Enabling disabled people with support needs to employ personal assistants (PAs) – rather than relying on traditional care workers – can be empowering and liberating, but relationships with PAs “can sometimes go wrong”, according to new research.
The Personal Assistance Relationships study, led by the disabled academic Professor Tom Shakespeare (pictured), highlights the “complex” and “variable” nature of personal assistance relationships, and warns that they involve “a dynamic interplay of emotions, ethics and power”.
He told an event in London, held to launch the University of East Anglia research, that “personal assistance works” and that it provides disabled people with freedom and control.
But he added: “It is not straightforward, particularly for people who don’t come from the tradition of the disabled people’s movement.”
He told the launch event that personal assistance was “one of the revolutionary innovations of the disabled people’s movement”, alongside the concept of independent living.
As part of the study, the researchers interviewed 27 disabled employers of PAs, and three parents of PA employers, as well as 28 PAs.
In England, an estimated 65,000 disabled people employ 145,000 PAs.
The aim of the research – also carried out by Dr Andrea Stockl and Dr Tom Porter* – was to highlight “what makes a good PA relationship and how it can go wrong”.
Many disabled employers they spoke to said that the relationship with the PA could not be too formal.
One said: “They’re doing quite personal things like showering you.
“They’ve got to be people you trust intimately and people that you know, very, very well, and because of that you’ve got that relationship going… I don’t differentiate between the friendship side of it and the work side of it. The two go together as far as I’m concerned.”
Another employer of PAs said that the need to disclose personal information to their PAs meant it was unrealistic to expect a distinction between “personal” and “professional”.
She said: “People know things about me that they wouldn’t know in any other circumstances.”
One PA said: “It’s not as if you are relating to your colleague at work or your boss at work, you are part of their daily routine and you get to know their most personal needs… you are in the person’s house and into their lives completely.”
But nearly all the employers and PAs who spoke to the researchers said they had encountered problems because of the informal nature of their relationships.
One PA said: “I was her sole employee, and everything rested on me and that wasn’t a good feeling.
“I just got way too involved with her. I feel like I would do things differently now.”
Many of those interviewed spoke of how there had been at least some conflict in their relationships.
One employer told the researchers about a PA who had struggled to make the transition from working in residential care to becoming a PA.
She said: “She was quite challenging to work with. She got very upset because in her experience working in a care home she was used to having bleach and certain materials locked away in a cupboard, and of course this being a private house I just had my bleach under the sink…
“Her whole attitude was very much that she knew what she was doing and I didn’t know what I was doing.”

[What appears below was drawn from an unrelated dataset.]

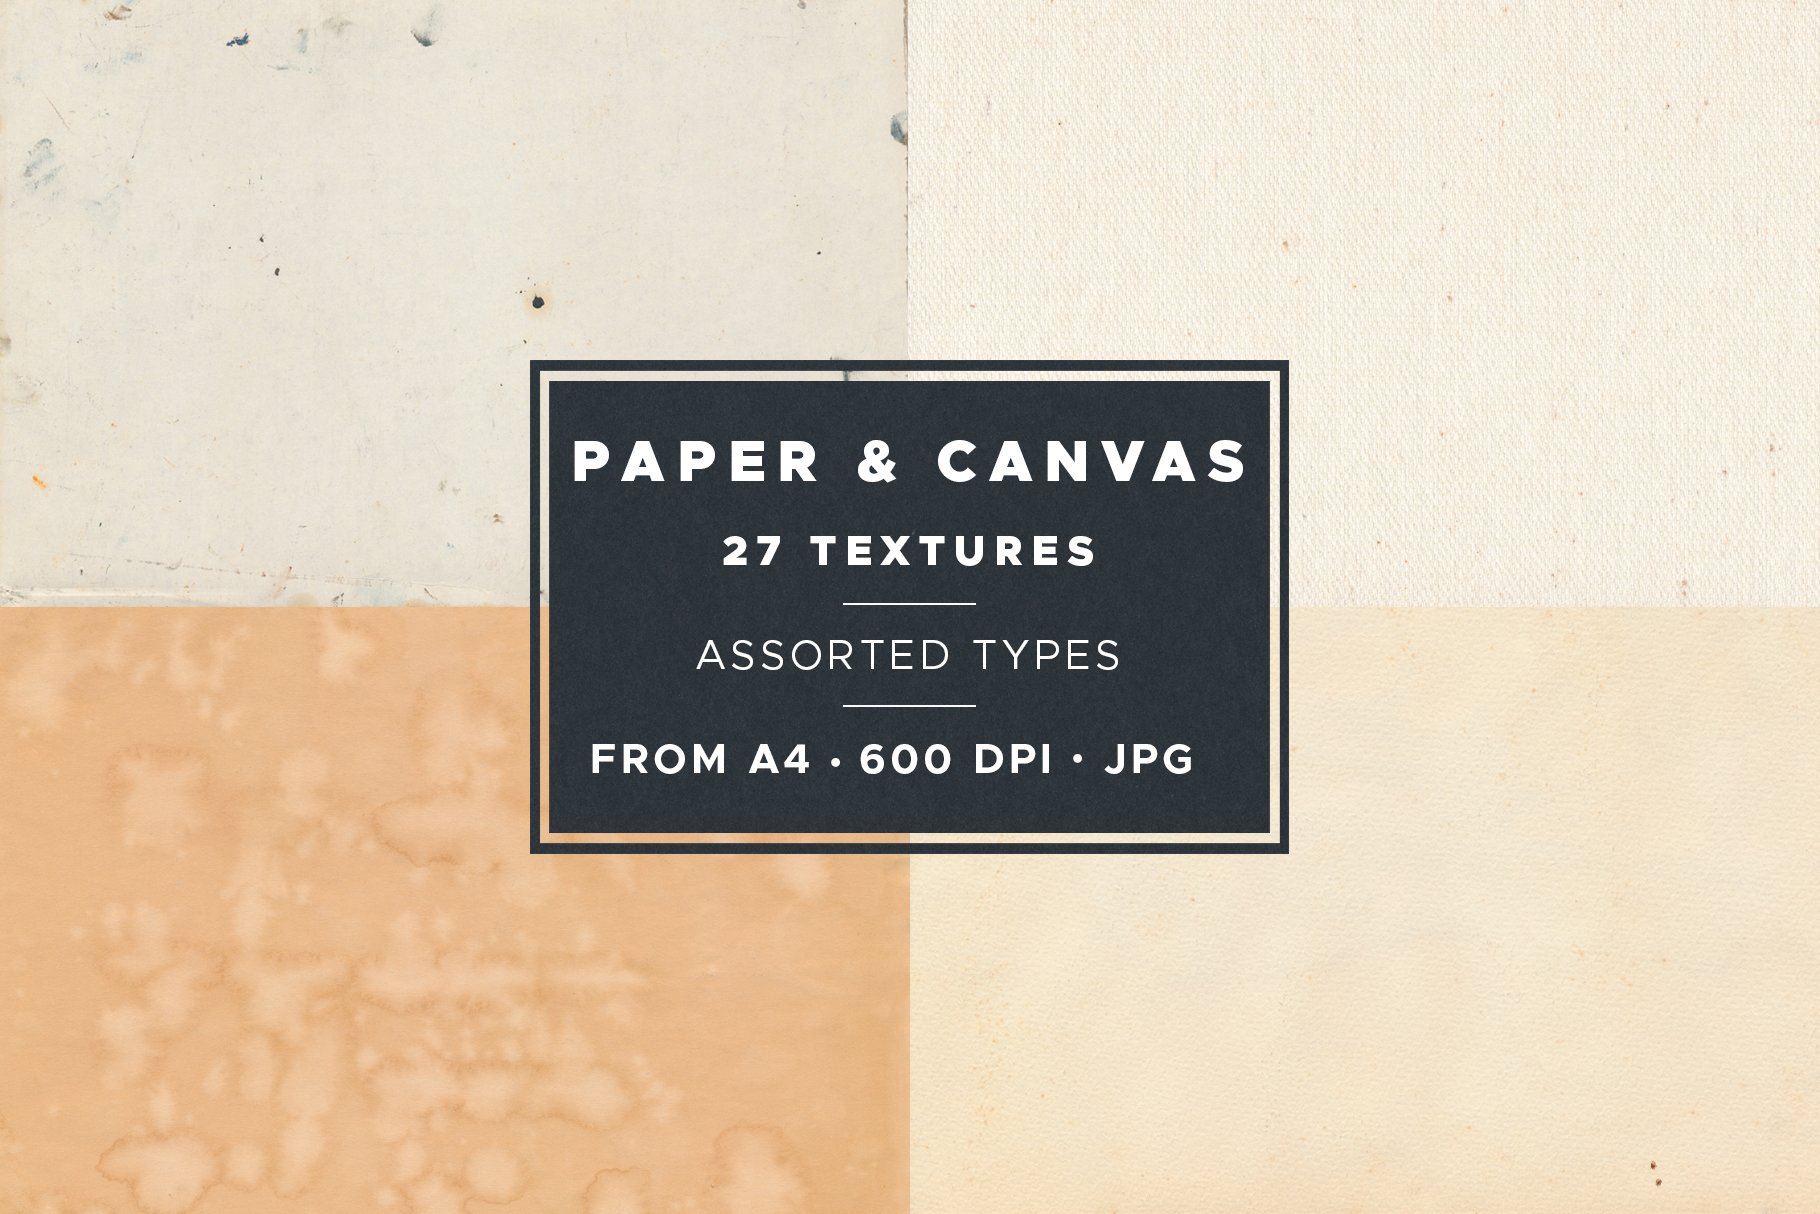 Paper & Canvas Textured Backgrounds cover image.

The study calls for both disabled employers of PAs and their personal assistants to be given the “skills and knowledge” they need to make their relationships work.
Relationships with PAs are inevitably “emotionally complex”, the study concludes, and adds: “Emotions arise because the connections between the disabled person and his or her personal assistant(s) are often long-term, intimate working relationships.”
Shakespeare, Porter and Stockl say that this needs to be recognised by both employers and PAs.
It is also crucial to set boundaries, making it clear how the relationship between PA and employer will work in practice, as PAs may not want to share their private life, while the workplace is also the PA employer’s home.
And they say that conflict within personal assistance relationships is common. It is vital, they say, for both employers and PAs to be given “the skills and knowledge they need to manage these relationships effectively”.
They make a number of recommendations for disabled people employing PAs, for PAs themselves, and for policy-makers and public bodies.
Among those recommendations is a call for greater efforts to bring people into the PA workforce, as a lack of choice for disabled people can force them to employ unsuitable PAs.
They also call for funding for training for both PAs and their employers, which could include training PAs in the social model of disability, and peer support – again, for both PAs and employers – to help with the potential isolation caused by personal assistance, and for both employers and PAs to have access to independent legal advice.